WORK REQUEST:
Give back exactly the lines of the entries below from the line with "Download Halloween Wallpaper" to the line with "CC Moore plovoucí", inclusive, and only those.
___ DATA
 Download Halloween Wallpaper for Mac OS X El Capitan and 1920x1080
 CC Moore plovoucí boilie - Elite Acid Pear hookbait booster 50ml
______
___ DATA
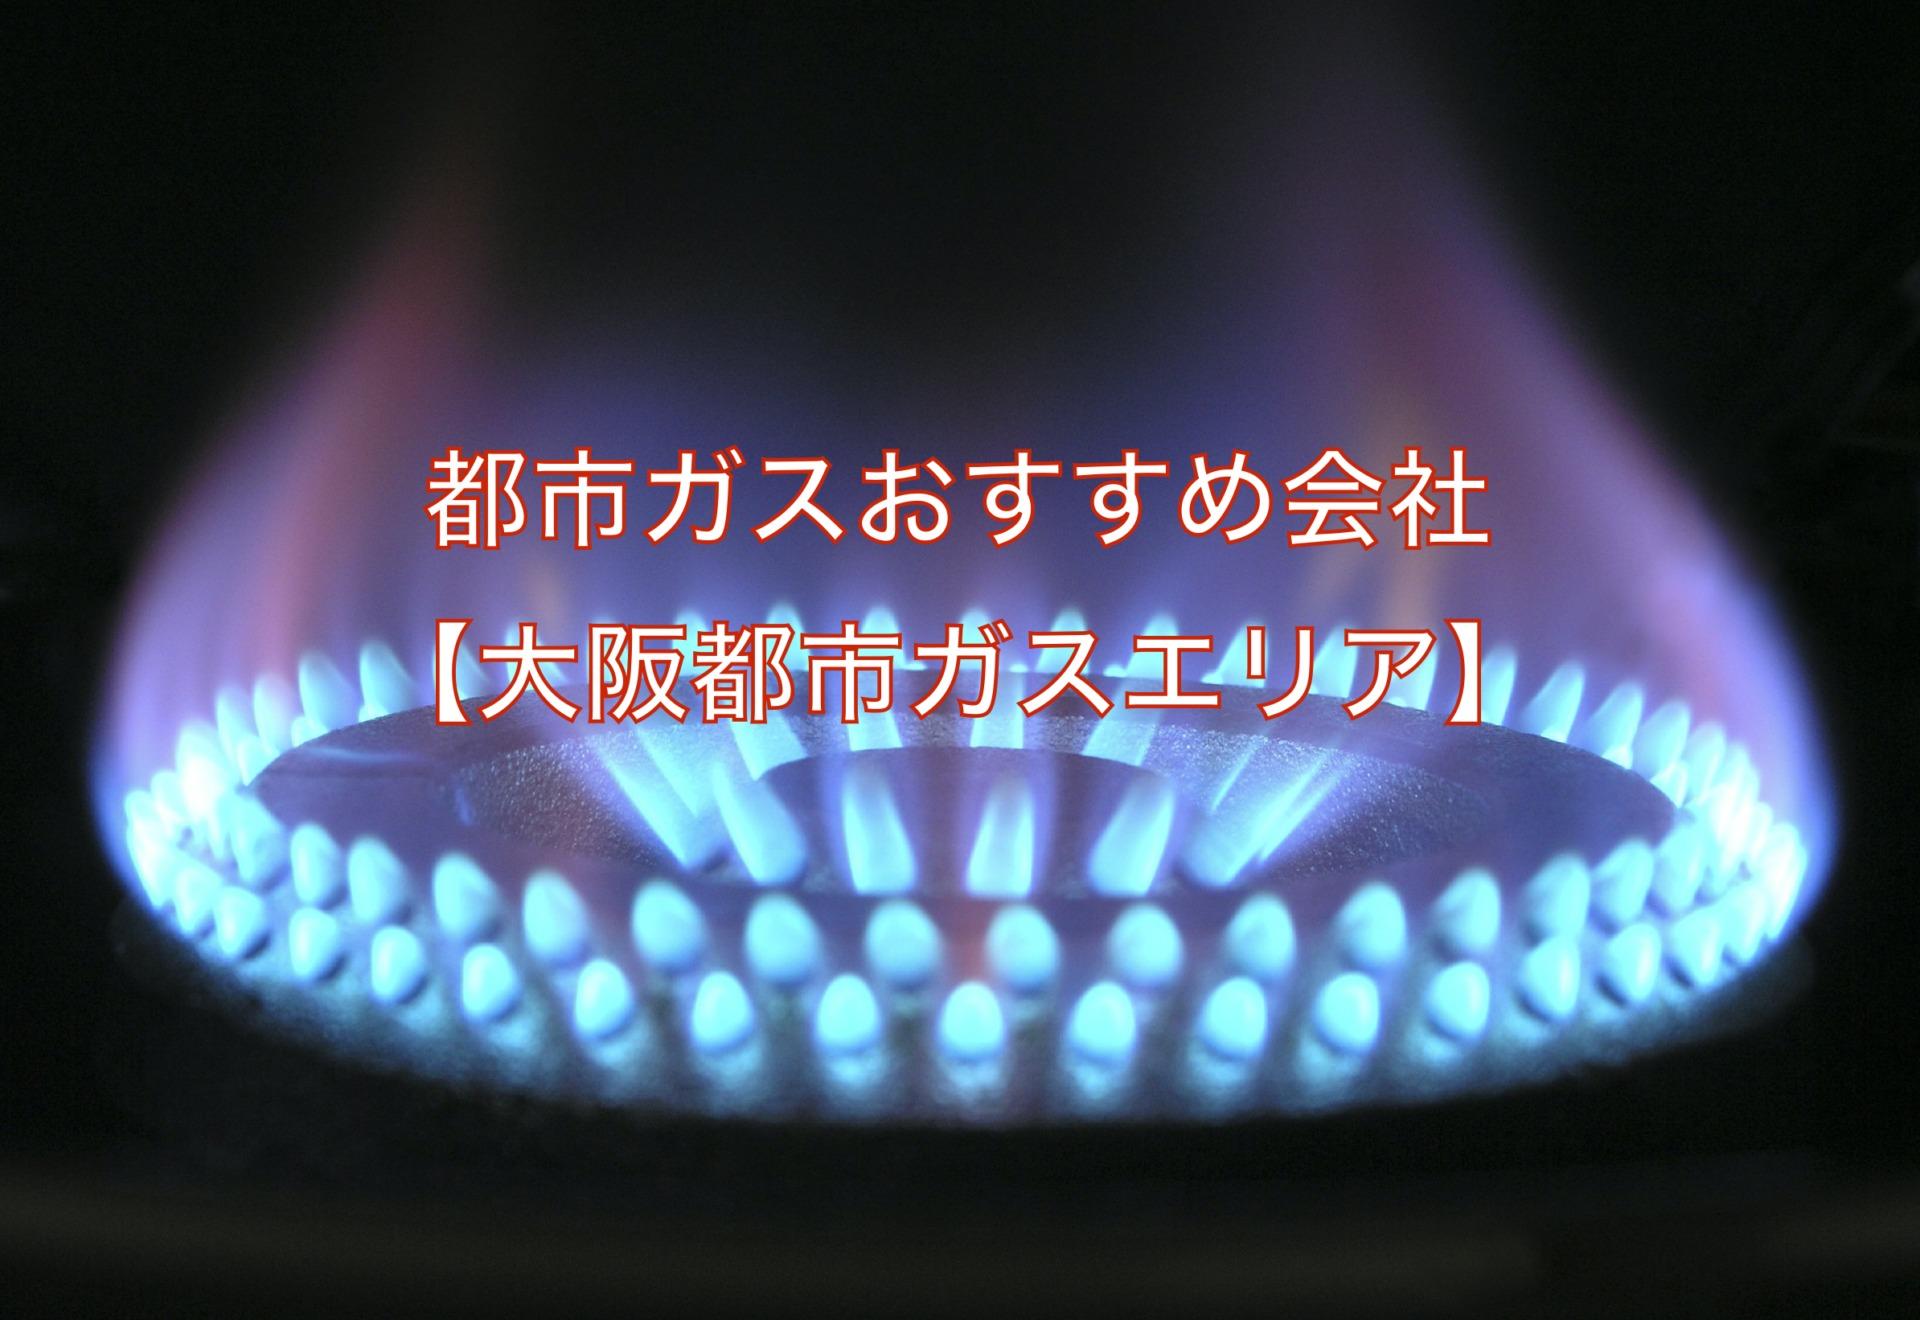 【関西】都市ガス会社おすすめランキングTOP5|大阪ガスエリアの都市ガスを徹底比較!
______
RESPONSE AREA:
 Download Halloween Wallpaper for Mac OS X El Capitan and 1920x1080
 CC Moore plovoucí boilie - Elite Acid Pear hookbait booster 50ml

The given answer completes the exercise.